Entre mochilas, camperas y mates calientes para soportar
el frío, otros no parecían tan satisfechos "¡Más vale que
los micros sean buenos, si no nos vamos a morir! No quiero
ir", protestaba una empleada municipal. "Pero bueno, si no
vengo, el lunes no tengo trabajo".
A las 20 de ayer hacía varias horas que unas 200 personas
esperaban en el Mercado Concentrador de José C. Paz que
llegaran los colectivos que les habían prometido para las
18. Una señora de la Secretaría de Acción Social del
Municipio empezó a los gritos: "¡Compañeros! ¡Acerquensé!

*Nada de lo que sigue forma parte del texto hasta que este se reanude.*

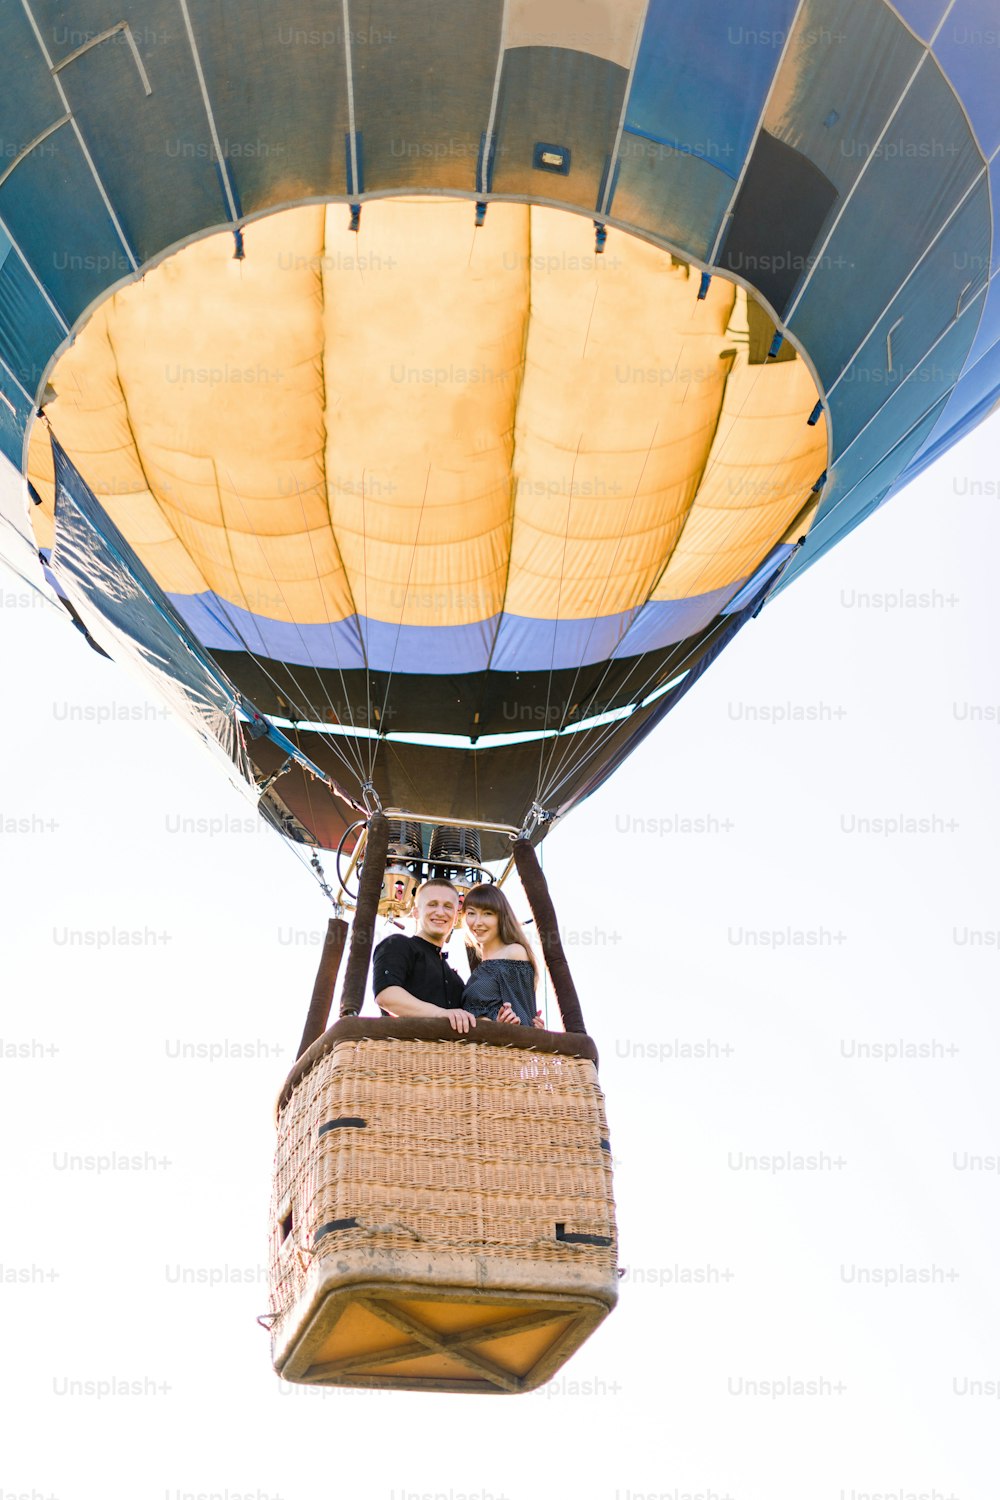 Schönes romantisches Paar umarmt sich im Korb des Heißluftballons und fliegt im Sommer sonnigen Abend. Romantisches Abenteuer, Liebe im Flugkonzept. Blick vom Land.

Les tengo que informar algo... Los micros no llegan. Esta
noche no viajan". La noticia arremolinó en el aire
protestas y lamentos. "¡Tienen que volver mañana, a las
8!", agregó.
En un minuto se acabaron las expectativas de los más
jóvenes y se exacerbó el mal humor de los más viejos.

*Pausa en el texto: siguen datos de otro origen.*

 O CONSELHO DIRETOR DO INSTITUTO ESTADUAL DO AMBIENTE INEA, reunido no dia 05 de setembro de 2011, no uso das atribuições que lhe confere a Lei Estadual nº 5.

Todos levantaron las valijas. Los que habían ido con sus
hijos preguntaban quién podía "arrimarlos" hasta sus
barrios.
Así se frustraba anoche en José C. Paz la primera salida
de colectivos planificada por el intendente, Mario Alberto
Ishii, para sumar gente al acto masivo de mañana en Salta
en favor de Cristina Kirchner. En otros lugares del país
otros intendentes, gobernadores y líderes sociales
planificaban también su cuidadosa convocatoria. Sólo del
conurbano, entre anoche y hoy partieron cientos de micros.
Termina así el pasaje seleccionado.